Глава 13
Дом как-то печально тих. Я замечаю это, как только вхожу. В нем нет ничего, связанного со мной, ни живого, ни мертвого, и почему-то от этого он представляется не столько безопасным, сколько бесплотным. Издаваемые им звуки – шорох и щелчок закрывающейся входной двери, скрип половиц – глухи и обыкновенны. А может, мне просто так кажется, потому что я ощущаю себя зависшим посреди крушения поезда. Вокруг все рушится, а я ничем не могу помочь. Томас и Кармель расстаются, Анну рвет на части. А я ни хрена не могу поделать ни с тем ни с другим.
С последней ссоры насчет похода за Анной в ад я маме и пяти слов не сказал, поэтому, когда я прохожу мимо кухонного окна и вижу ее на заднем дворе в позе лотоса перед зачуханным черемуховым деревцем, я едва не подпрыгиваю. На ней легкое летнее платье, а вокруг горят несколько белых свечей, три, насколько мне видно. Какой-то дымок, видимо от благовоний, плывет у нее над головой и исчезает. Я не узнаю ритуал, поэтому выхожу в заднюю дверь. В последнее время мама колдует в основном на коммерческой основе. Только при особых обстоятельствах она тратит время на личные дела. Поэтому извините, но, если она пытается привязать меня к дому или заклясть на непричинение самому себе вреда, я съезжаю.
Когда я подхожу, она ничего не говорит – даже не оборачивается, когда на нее падает моя тень. К подножию дерева прислонена Аннина фотография. Та самая, которую я осенью вырвал из газеты. Я всегда ношу ее с собой.
– Где ты это взяла? – спрашиваю.
– Вынула утром у тебя из бумажника, пока ты к Томасу не уехал, – отвечает она.
Голос у нее печальный и безмятежный, в нем еще звучат отголоски только что совершившегося ритуала. Руки у меня повисают плетьми. Я был готов сцапать фотографию, но воля просто вытекла у меня из пальцев.
– Что ты делаешь?
– Молюсь, – просто отвечает она, и я плюхаюсь рядом с ней на траву.
Огоньки на фитильках свечей маленькие и неподвижные, будто твердые. Виденный мной у мамы над головой дымок исходит от кусочка янтарной смолы, лежащего на плоском камне, – он тихонько горит синим и зеленым.

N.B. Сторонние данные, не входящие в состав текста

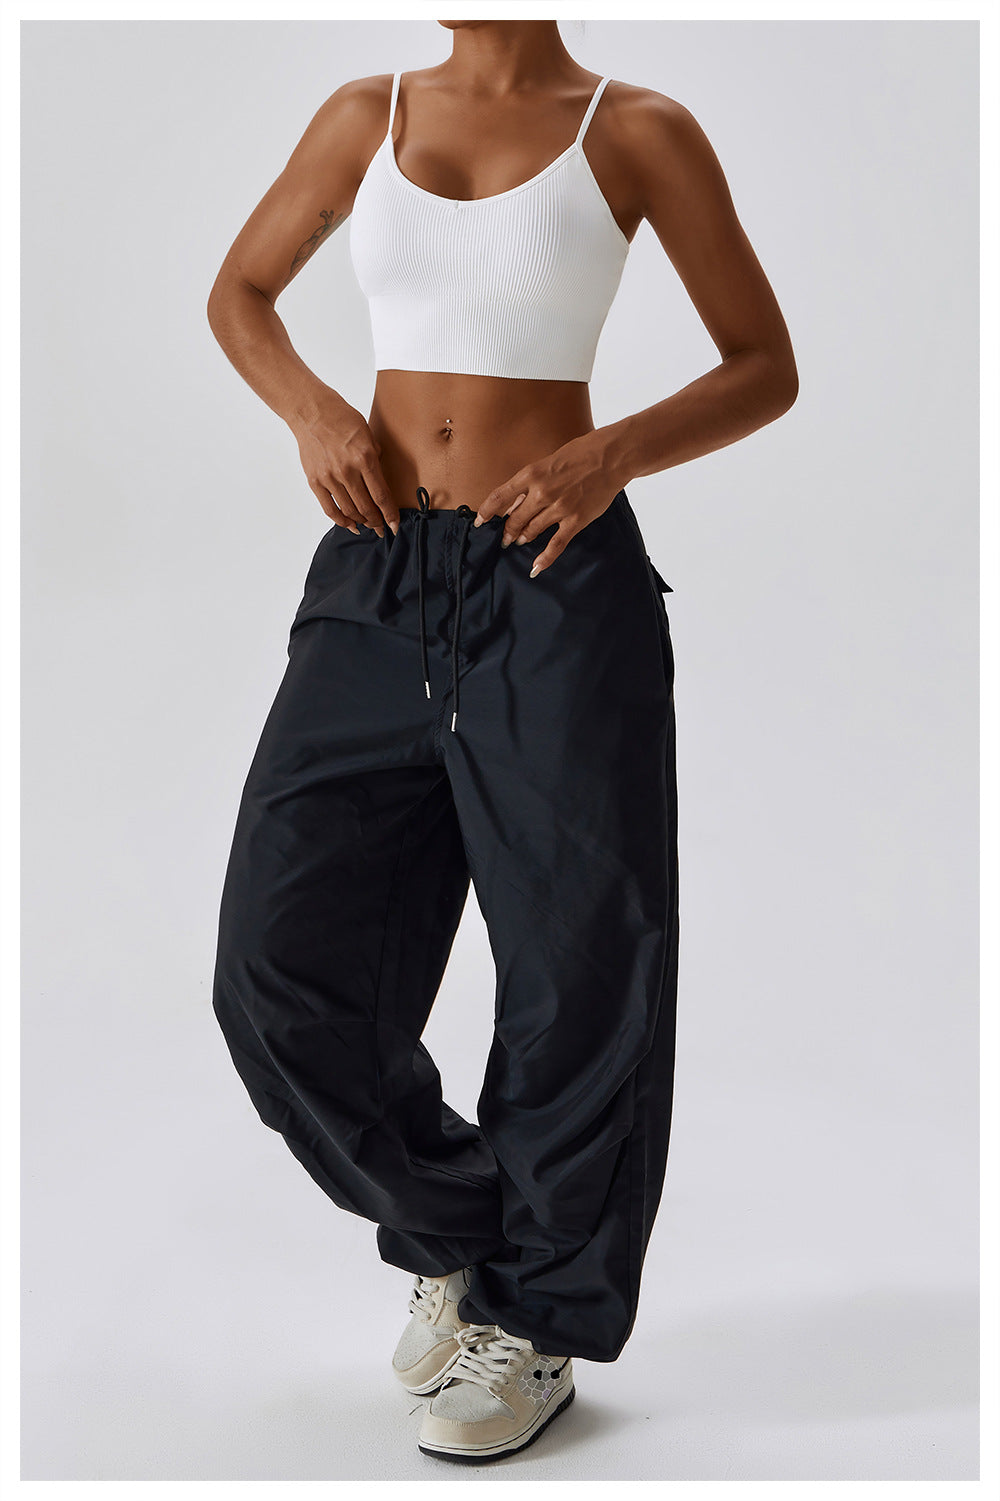 Summer high waist quick-drying sports pants women's legged pants American style loose straight casual pocket overalls women 8212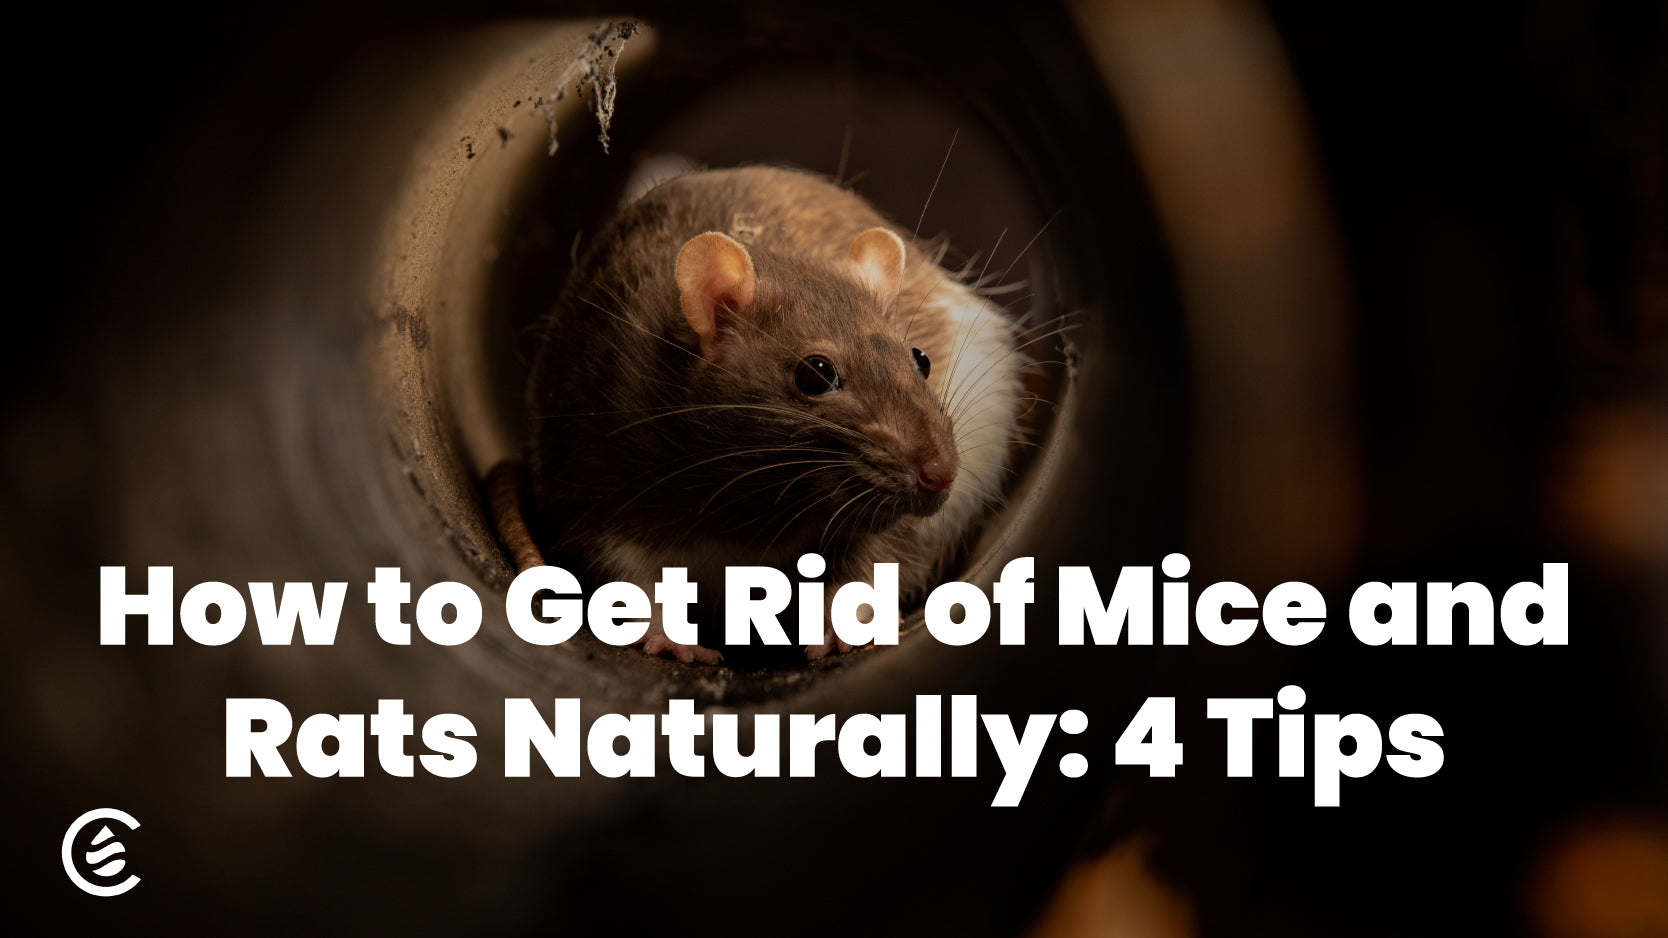 How to Get Rid of Mice and Rats Naturally: 4 Tips

– А сработает? Она почувствует?
– Не знаю. Может быть. Вероятно, нет, но я надеюсь, что да. Она так далеко. За гранью.
Помалкиваю. Для меня она достаточно близко, связанная со мной достаточно сильно, чтобы найти дорогу назад.
– У нас есть зацепка, – говорю. – Атам. Возможно, нам удастся его использовать.
– Как использовать? – Голос звучит отрывисто; она бы предпочла не знать.
– Возможно, он сумеет открыть дверь. Или сам является дверью. Может, нам удастся открыть его самого. – Мотаю головой. – Томас лучше объясняет. Хотя на самом деле нет.
Мама вздыхает, глядя на Аннину фотографию. На ней это шестнадцатилетняя девушка с темно-каштановыми волосами, в белой блузке и с неуловимой улыбкой.
– Я понимаю, почему ты должен это сделать, – говорит наконец мама. – Но не могу заставить себя хотеть, чтобы ты это сделал. Понимаешь?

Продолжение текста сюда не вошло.